At one point, as the waitress serving drinks across the table from me tilted her tray, I registered a beer bottle starting to fall. I whipped my hand out and snatched it out of mid-air, and everyone at the table (none of whom I knew) erupted into applause. No word of a lie. I should form my own ninja guild.
The hipster “Hexen” (witches) bar next door housed a younger crowd, flashing green and red lights (the guild’s colors along with white), and a soundtrack of mostly 90s/millennium throwbacks (think NSYNC, Snow, etc.––no marching bands here). I was digging the change in atmosphere (and the witchy decor), even though I was getting tired at this point and was about to call it a night.
Matthias had told me that Villingen’s Fasnet parade (the pinnacle of the celebration) would be held on Monday (Rosenmontag), so I would miss it. But luckily, Schwenningen, the adjacent town, would have theirs on Sunday, so we decided to scope it out out en route back to Stuttgart.
We stood out in the chilly air for a good hour or so before the parade got underway (we left Villingen early to make sure we scored a parking place), but it was well worth it.
Although Schwenningen has its own set of unique Fasnet characters, there are some parallels with the guilds of Villingen. For example, the “Hansel” are basically the equivalent of Villingen’s Narro, but have slightly different costumes based on the town’s own traditions. Schwenningen used to be famous for its watch- and clock-making industry, so each Hansel carries a wand that resembles the pendulum of a grandfather clock.

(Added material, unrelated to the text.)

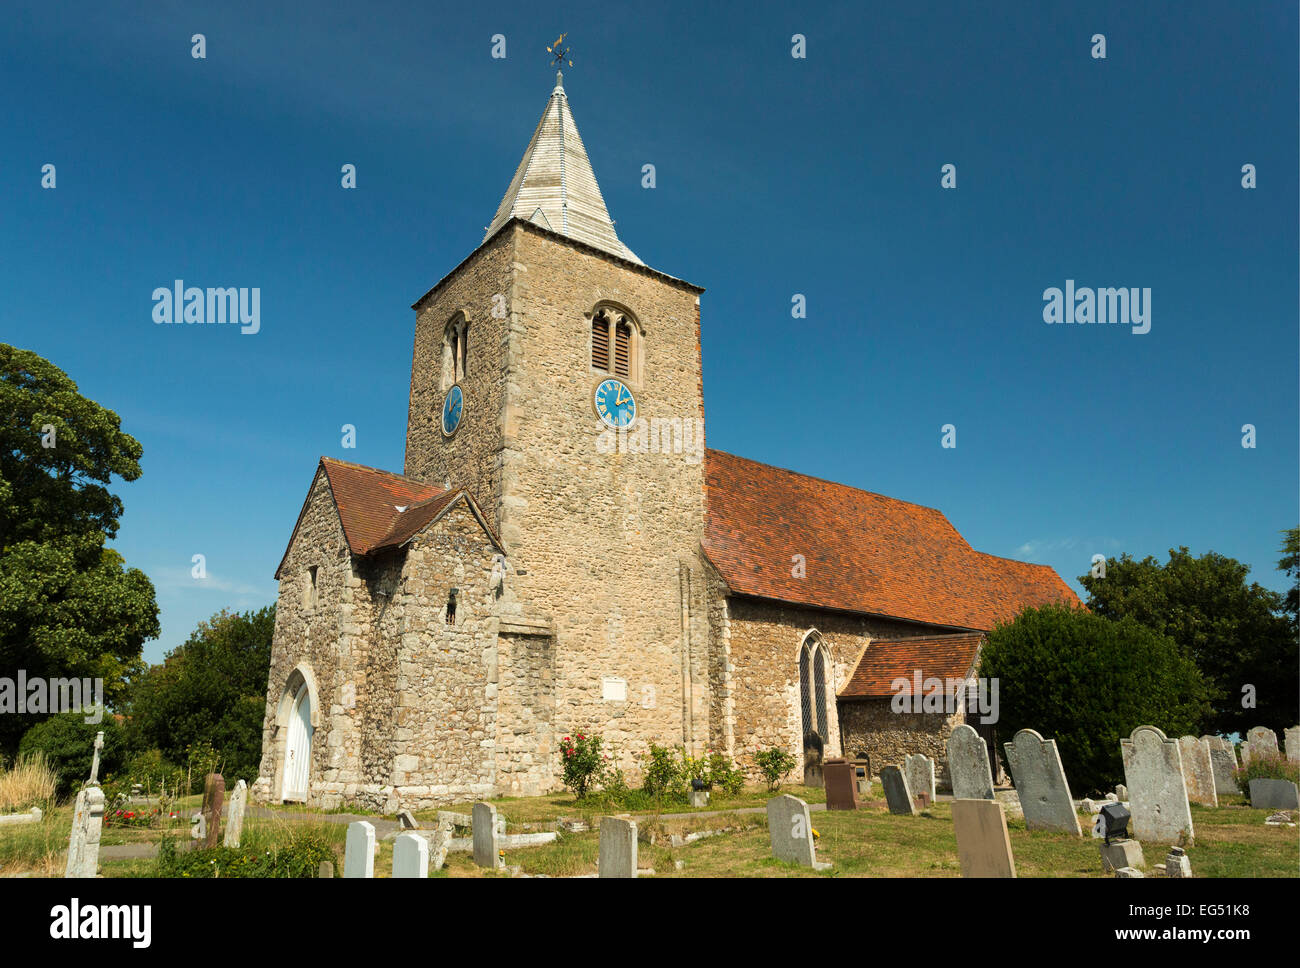 St Nicholas Church in Great Wakering, Essex, UK Stock Photo
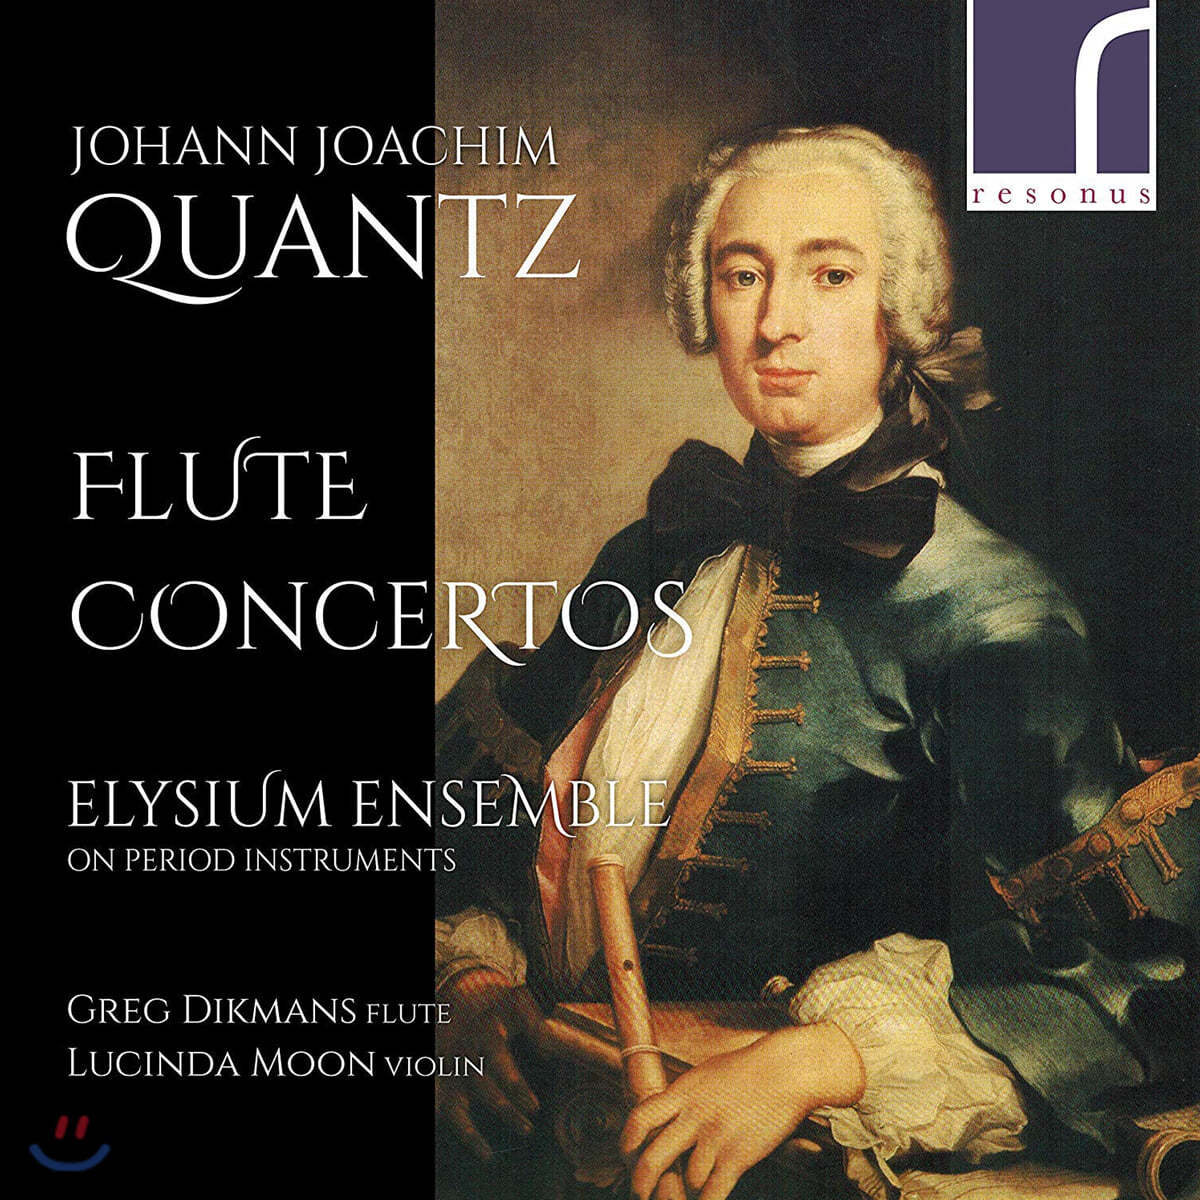 Elysium Ensemble 요한 크반츠: 플루트 협주곡 (Johann Joachim Quantz: Flute Concertos)

Plenty of marching bands took part in the parade, staggered in between different guilds from Schwenningen and neighboring towns. There were wolves, Hexen, and a host of other characters I couldn’t identify. Like in Villingen, many of the costumes were on the creepy side and paraders were on a mission to scare or intimidate the crowd (in a funny way), but others were more cute and cuddly (like the clowns, “hay people,” and rag-doll-like figures).
Although the historical and regional significance of these guilds was mostly lost on me, I did appreciate the performance of the paraders and the craftsmanship of their elaborate costumes and masks.
Periodically, candy and snacks would be tossed into the crowd by paraders riding on floats or walking with baskets in hand. If you filled in the blank word of a guild’s chant, you were deemed worthy of one of these rewards. For example, one Hexen guild shouted “Hex, hex!” and the crowd responded with “Huiii!” Cue the candy throwing in your direction.
Because I was standing at the front of the gate, I was the recipient of a few treats, including a hard-boiled egg and hot Glühwein (mulled wine), which I handed over to Matthias because Glühwein post-Christmas just doesn’t appeal to me.
Less of a perk of standing in the front row was the surprise confetti showers—not as evil as glitter, but it took me over a week to remove the last traces of confetti from my jacket, scarf, and apartment.
My conclusion? Germans do a good job of scaring winter away.